Very few low- and middle-income countries have adopted even the most basic WHO-suggested MPOWER prevention measures. Policymakers should embrace harm reduction as a valid goal, particularly in LMICs where access to cessation programmes is extremely limited. Replacing combustible tobacco with alternative nicotine products can significantly reduce the risk of harm by at least 95 percent. It works in industrialized nations and can do the same in LMICs.

INNCO’s top 10 reasons against banning safer nicotine products in LMICs are as follows:

  • Bans are an overly simplistic solution to a complex issue and will not work.
  • Prioritizing the banning of reduced harm alternatives over cigarettes is illogical.
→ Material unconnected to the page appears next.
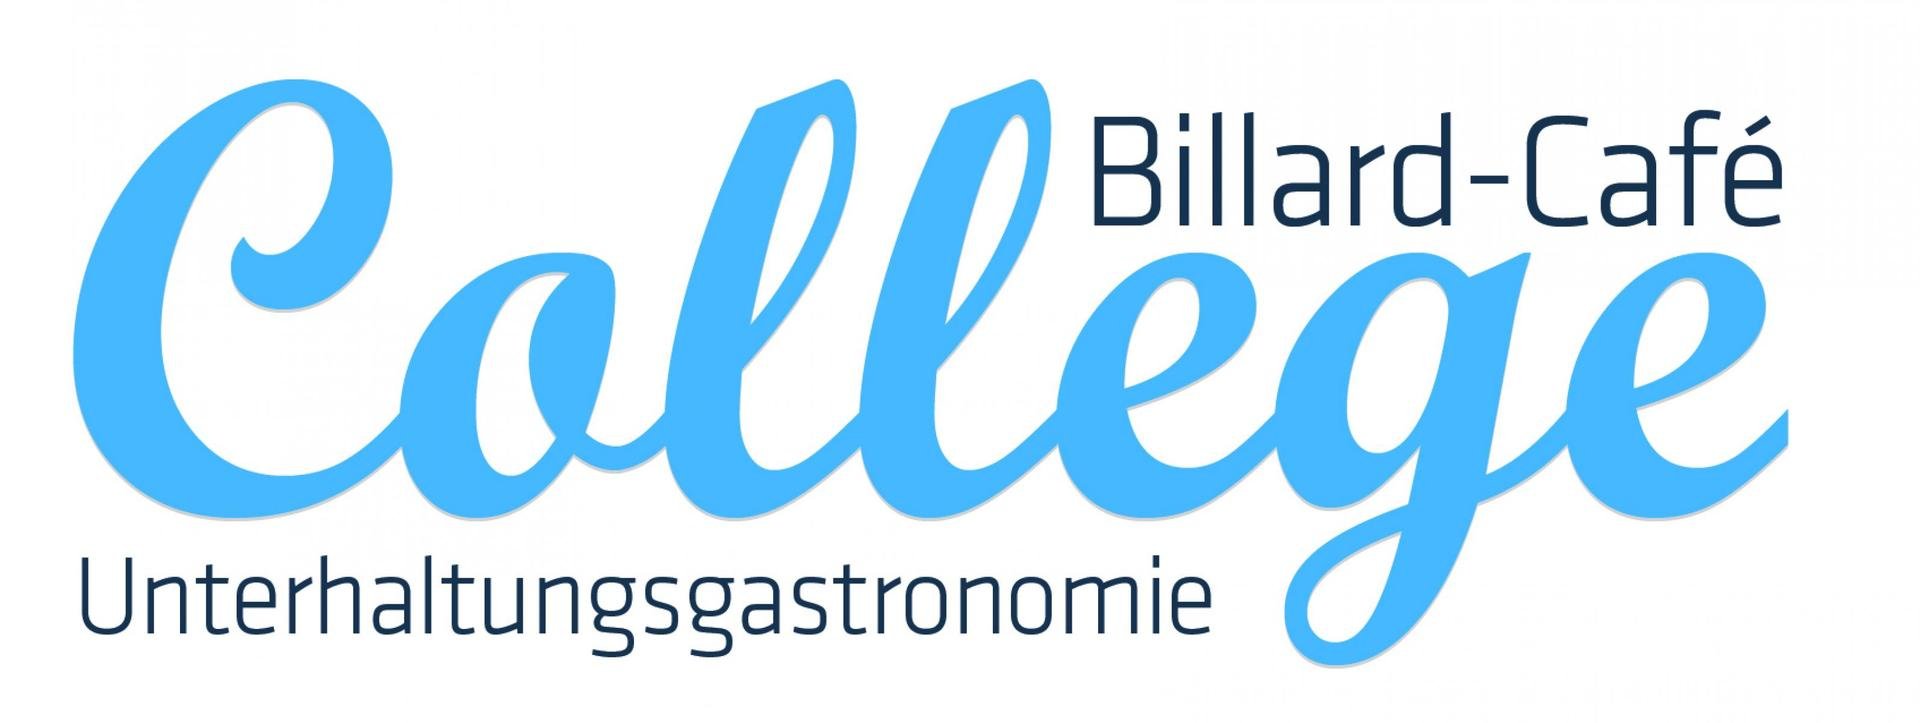 Billard-Café College Logo

  • Reduction and substitution are valid goals for smokers in LMICs.
  • People who smoke have the right to choose to reduce their own risk of harm.
  • Reduced harm alternatives can significantly contribute to the aims of global tobacco control.
  • Lack of research in LMICs is not a valid reason to ban reduced harm alternatives.
  • The prohibitionist approach in LMICs is outdated, unrealistic and condescending.
  • Bans will lead to illicit markets with increases in crime and no tax revenue.
  • Banning reduced harm alternatives leads people back to smoking and greater harm.
  • Blanket bans in LMICs are a form of “philanthropic colonialism.”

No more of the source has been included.